━━━ Information supplied
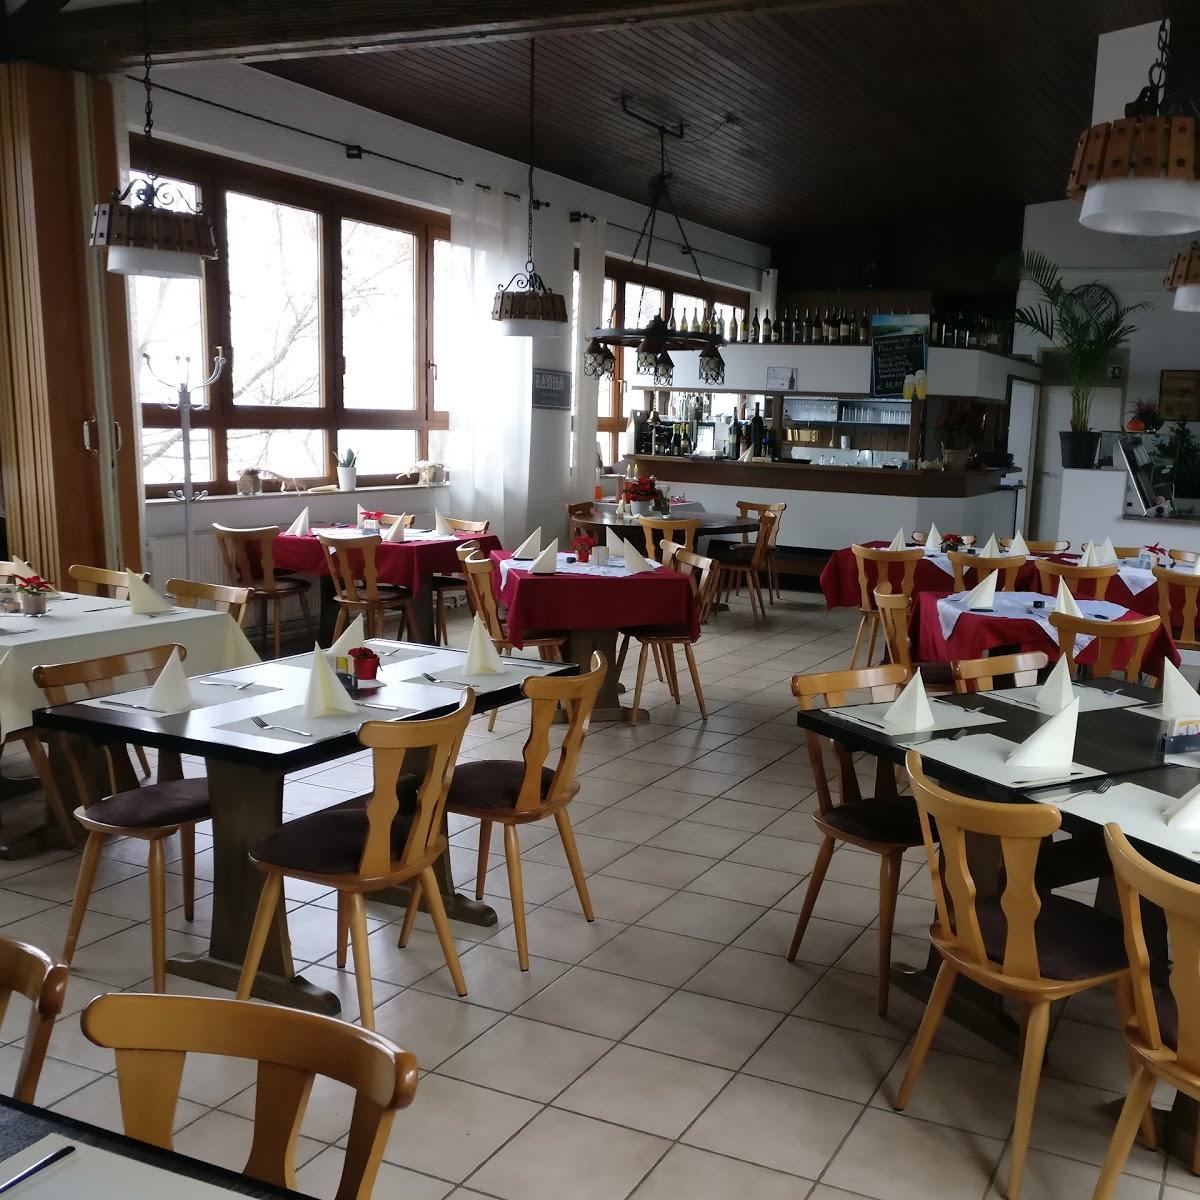 Restaurant "PSG-Aurora-Vereinsgaststätte" in Pforzheim
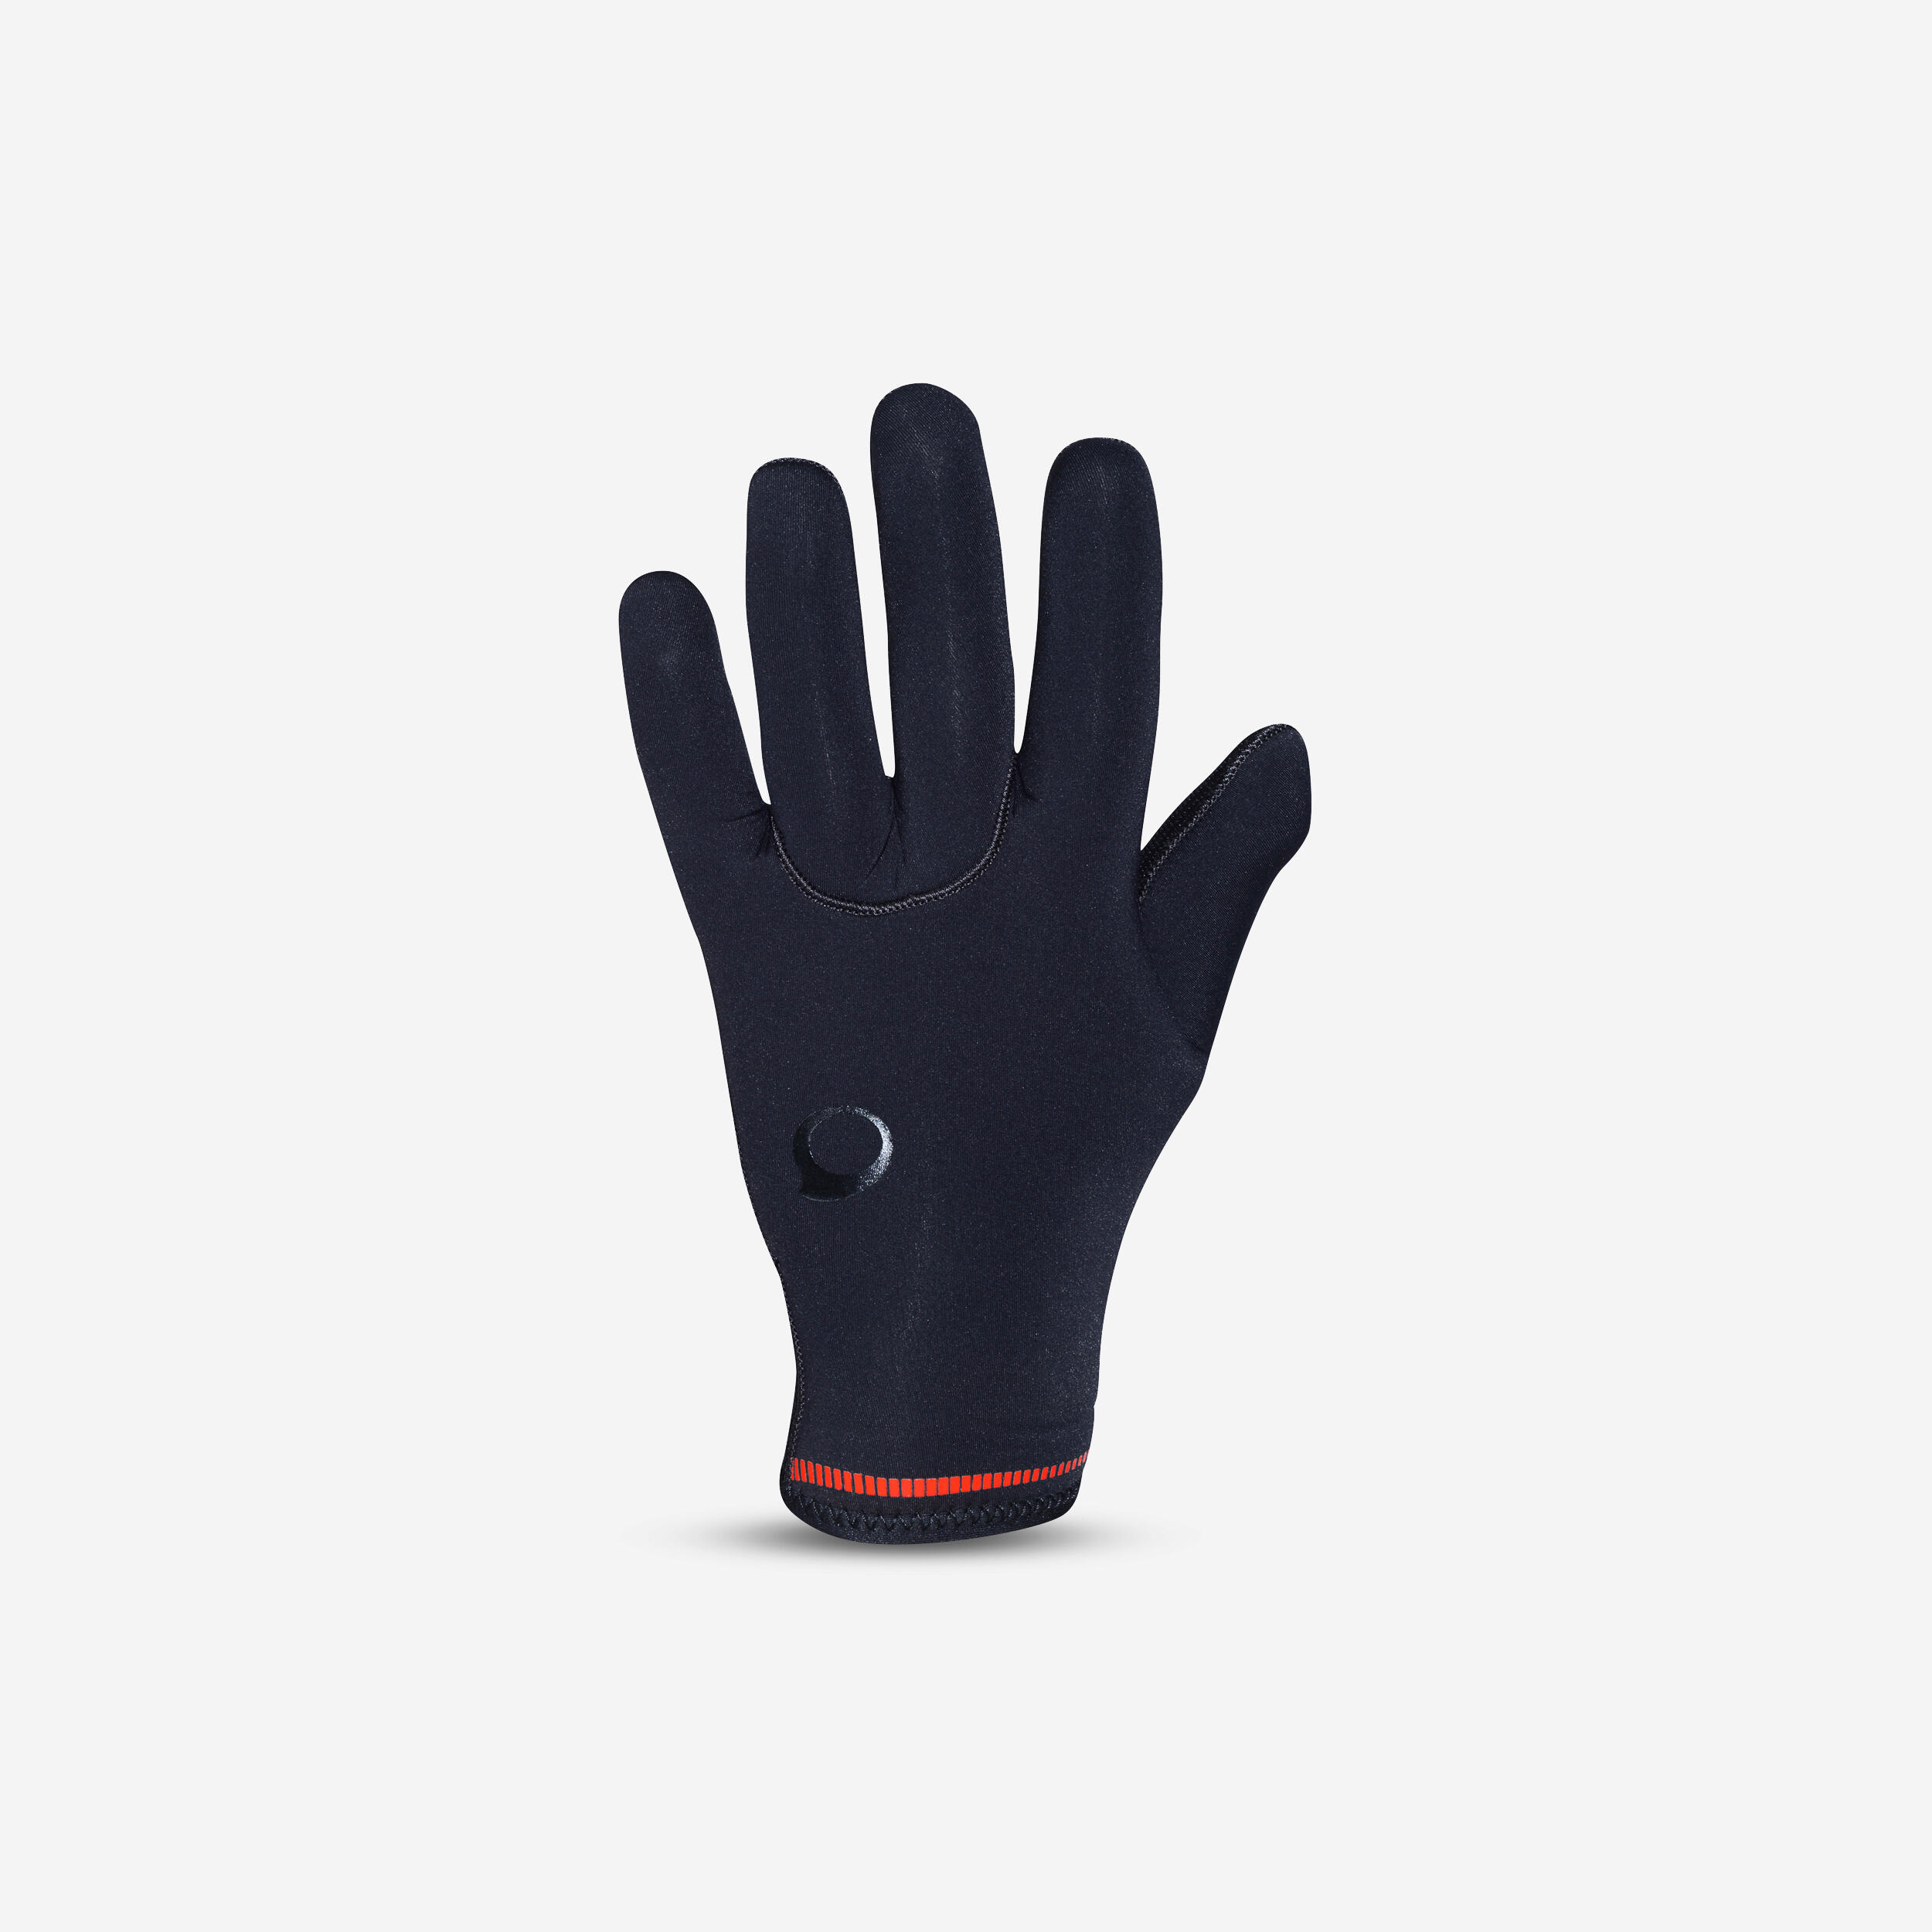 SUBEA Diving gloves 5 mm neoprene black
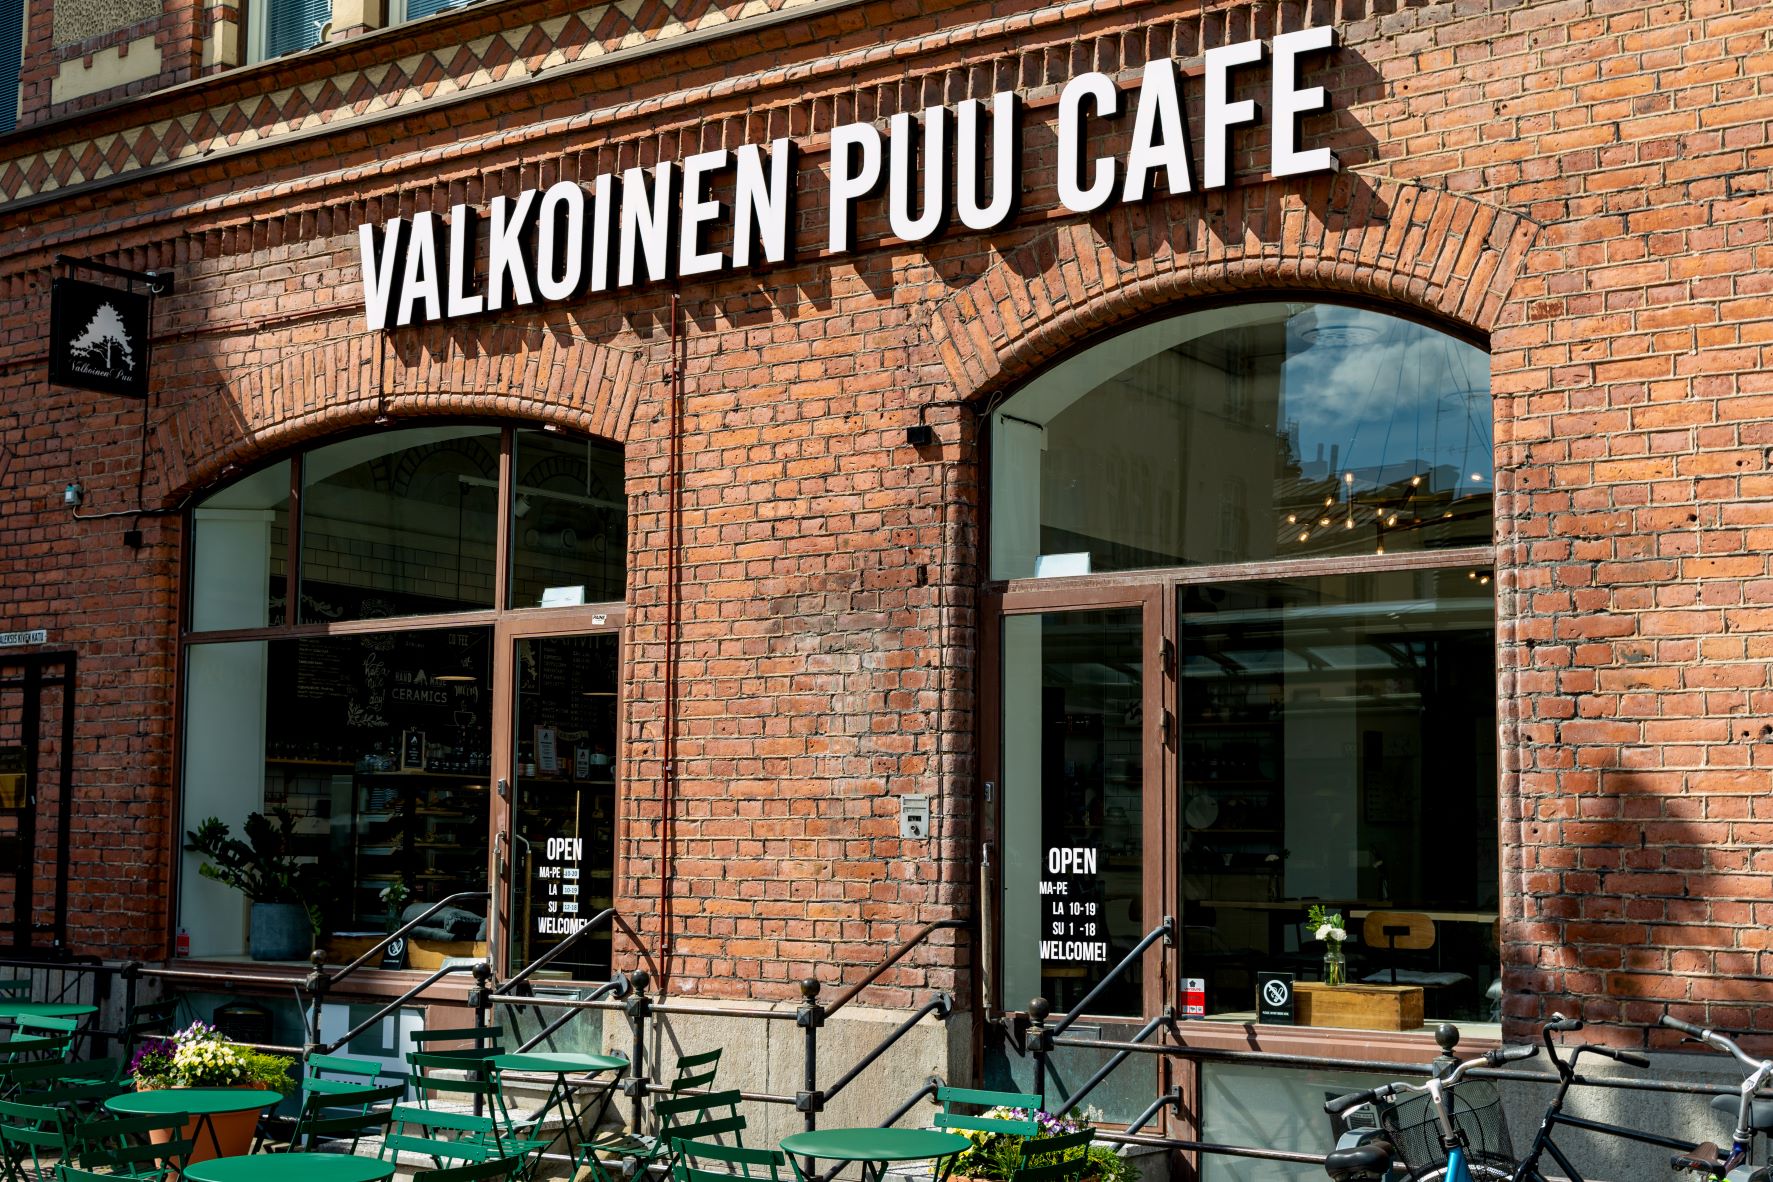 Valkoinen Puu Café. Photo Credit: Visit Finland
━━━━━━
> _Task instructions_: Write out the material exactly as it stands, omitting every picture.

> _Result of this exercise_:
 Restaurant "PSG-Aurora-Vereinsgaststätte" in Pforzheim
 SUBEA Diving gloves 5 mm neoprene black
 Valkoinen Puu Café. Photo Credit: Visit Finland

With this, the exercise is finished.